* _Record set_
⟨
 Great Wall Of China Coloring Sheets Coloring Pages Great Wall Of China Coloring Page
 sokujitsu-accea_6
⟩
⟨
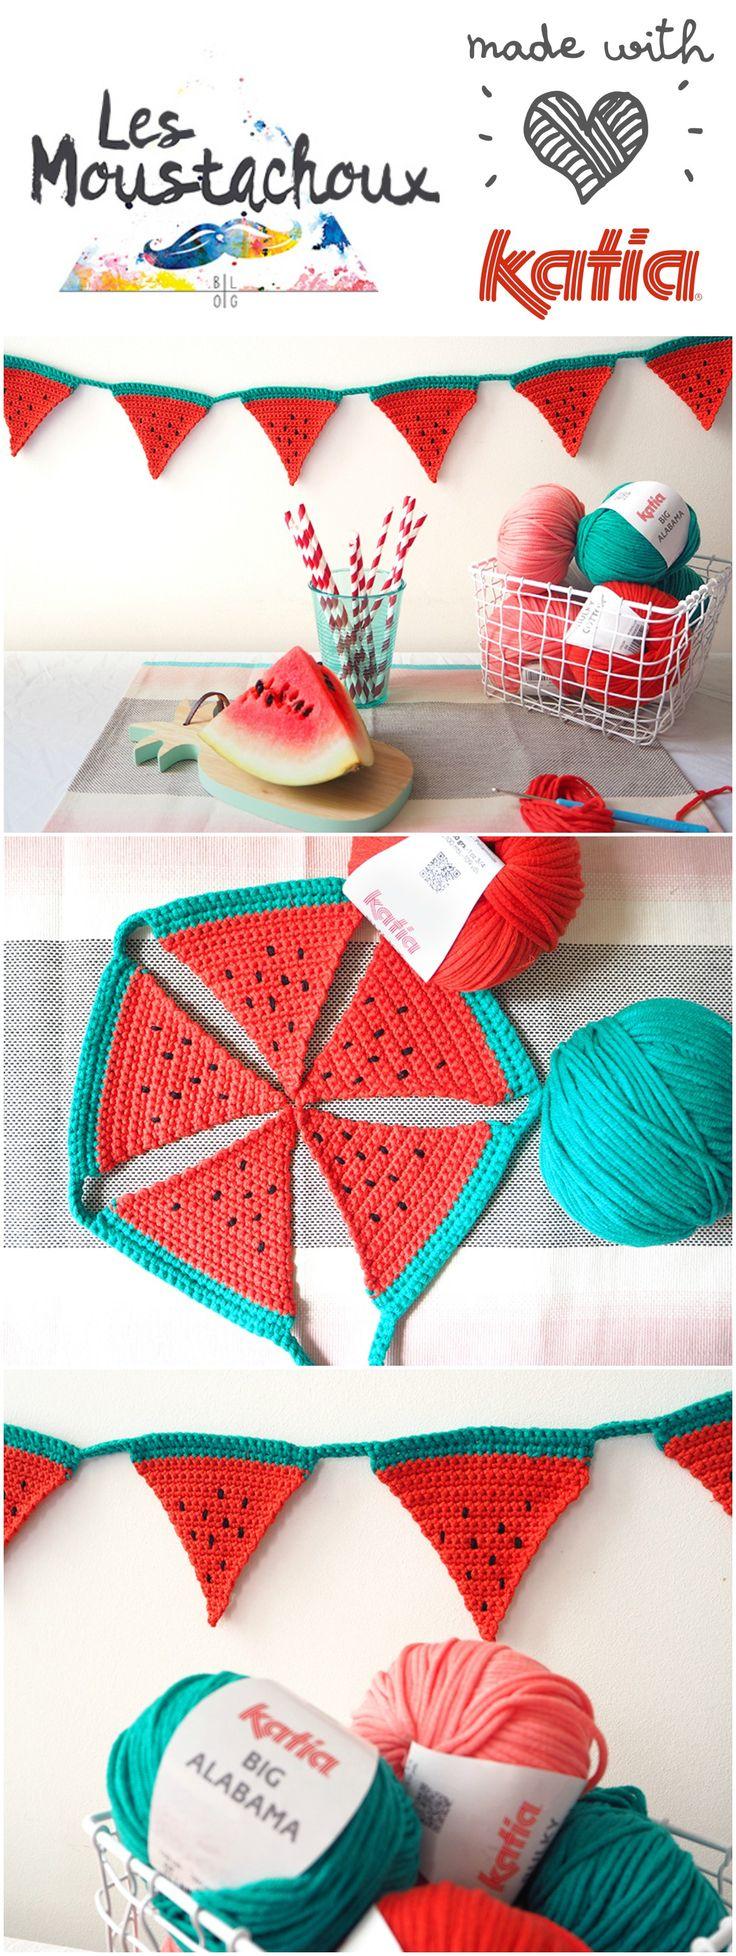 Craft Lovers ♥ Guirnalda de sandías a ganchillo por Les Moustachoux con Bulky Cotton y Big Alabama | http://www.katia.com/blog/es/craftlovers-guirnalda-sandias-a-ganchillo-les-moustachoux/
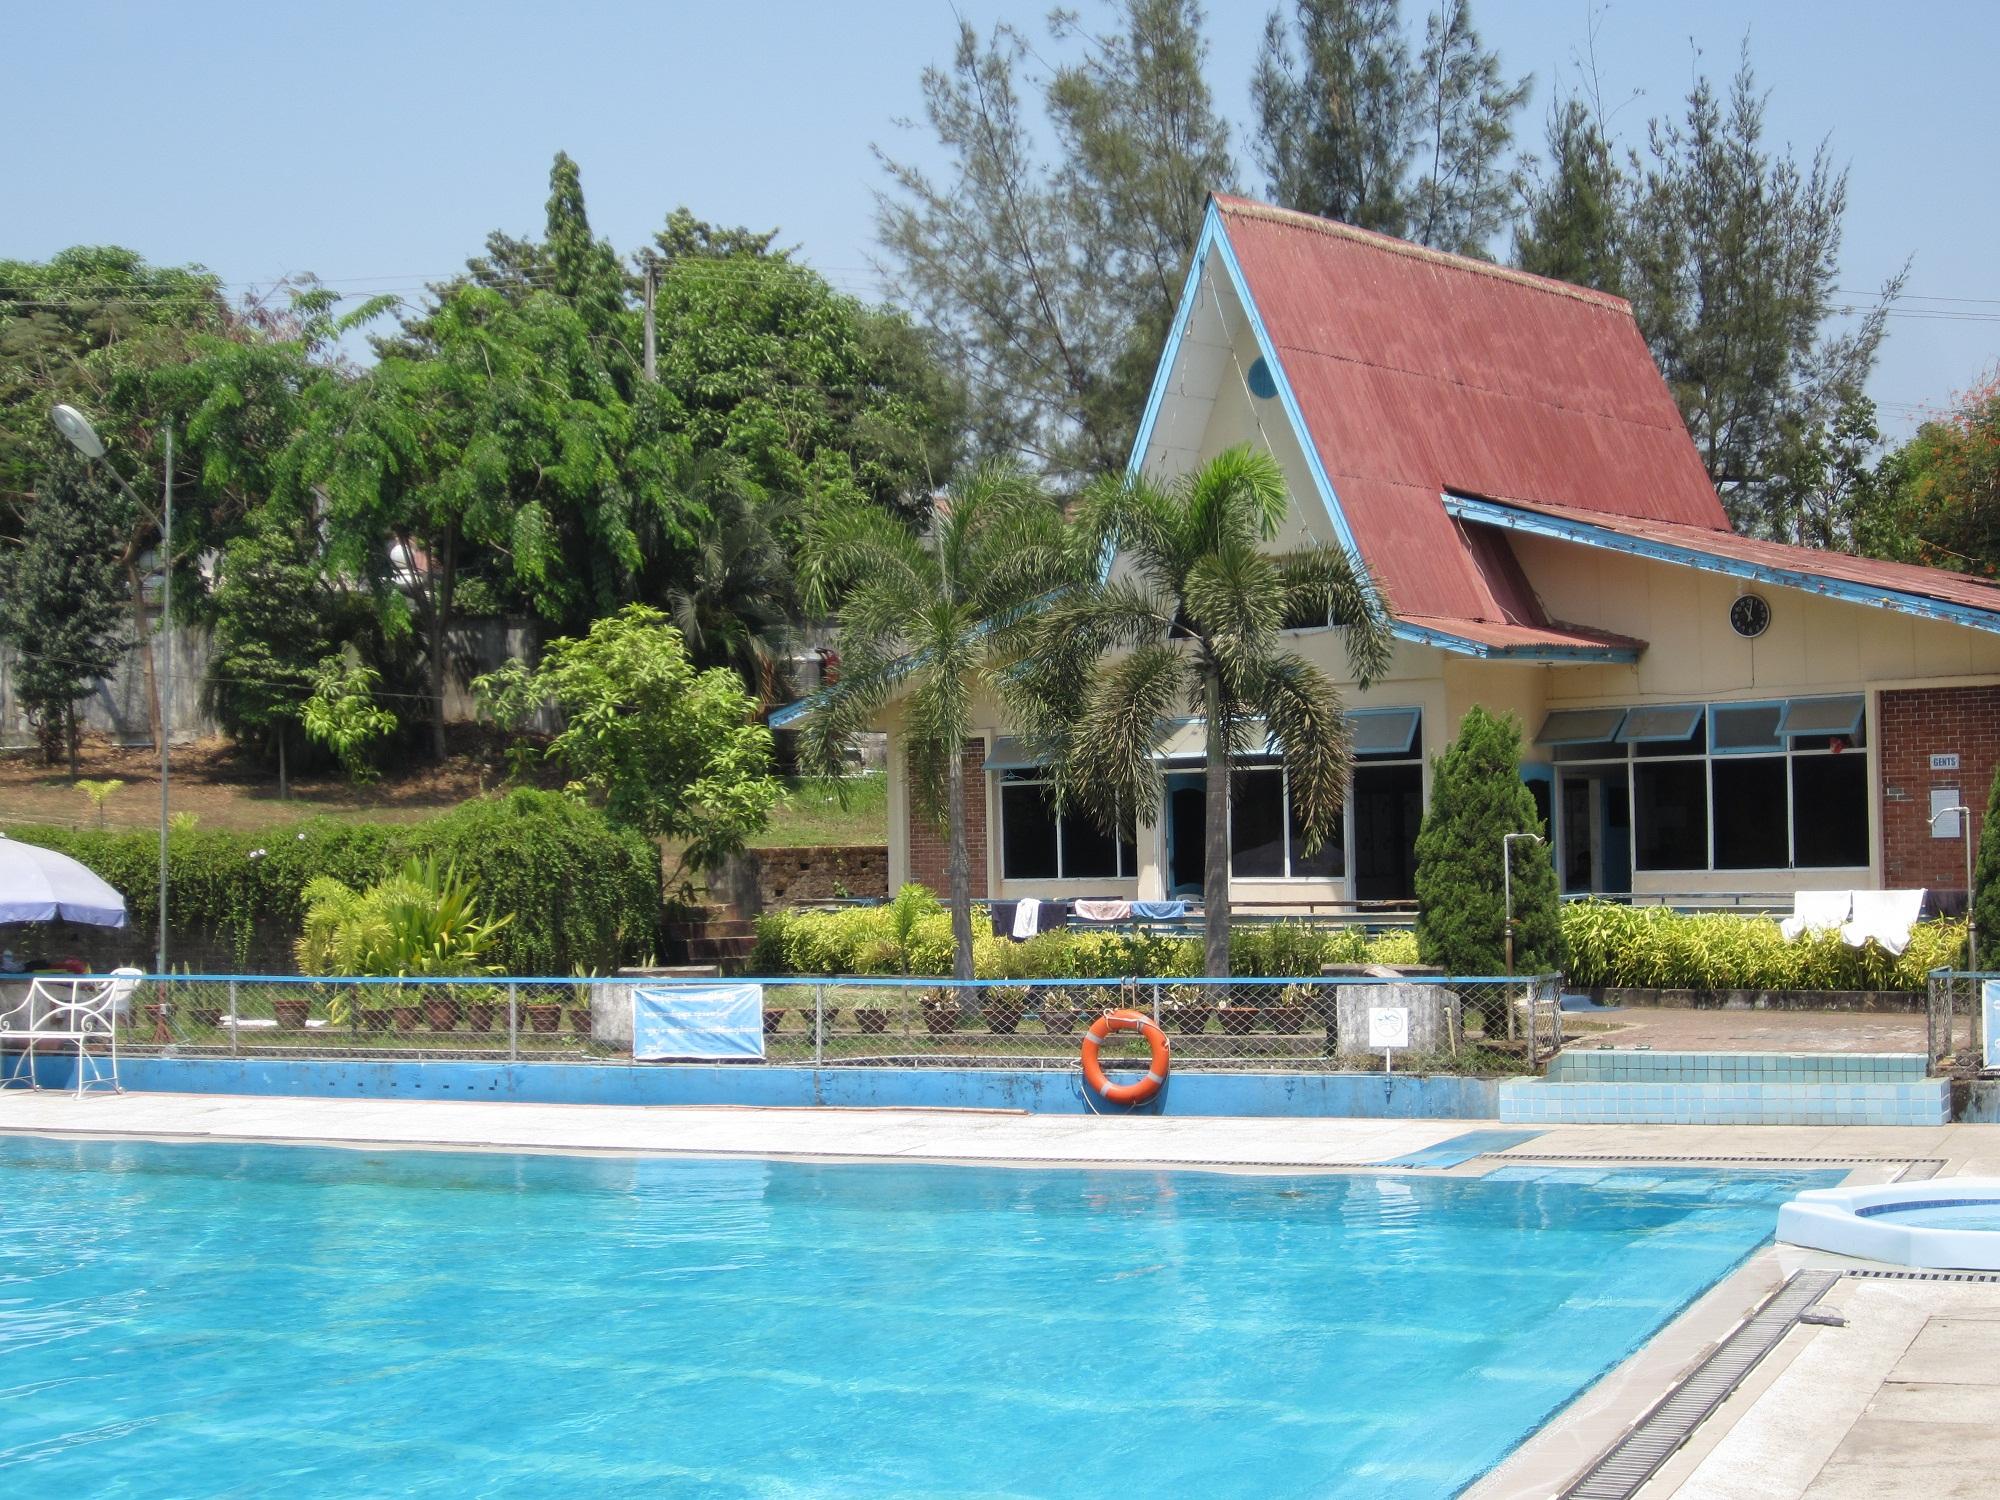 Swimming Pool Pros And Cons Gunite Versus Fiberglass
⟩
⟨
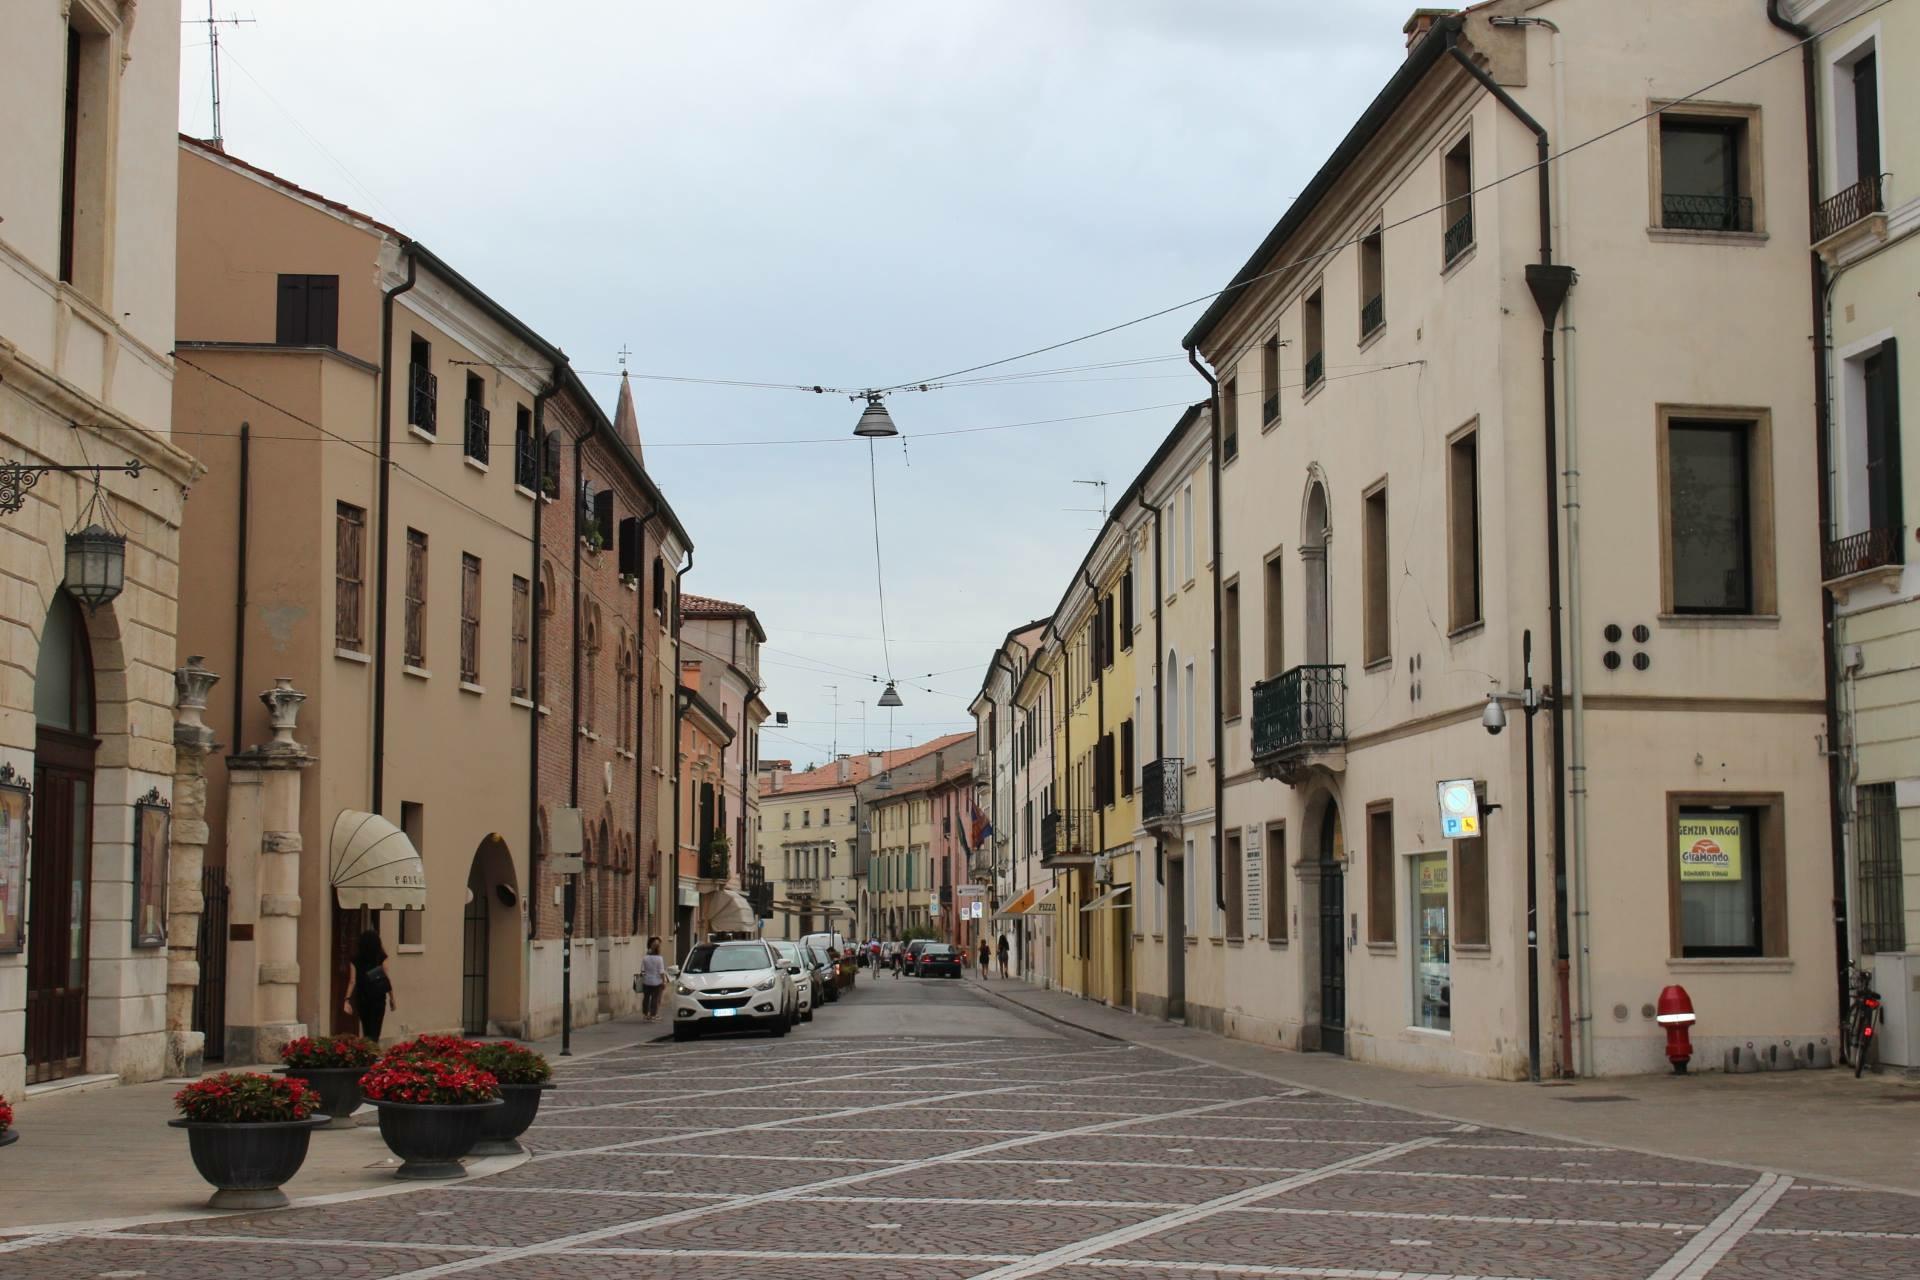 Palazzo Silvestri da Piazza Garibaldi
⟩
From the listing above, repeat exactly the lines starting at the line that includes "Great Wall Of China Coloring Sheets" and ending at the line that includes "sokujitsu-accea_6", with nothing outside that span.

* _Exercise result_
 Great Wall Of China Coloring Sheets Coloring Pages Great Wall Of China Coloring Page
 sokujitsu-accea_6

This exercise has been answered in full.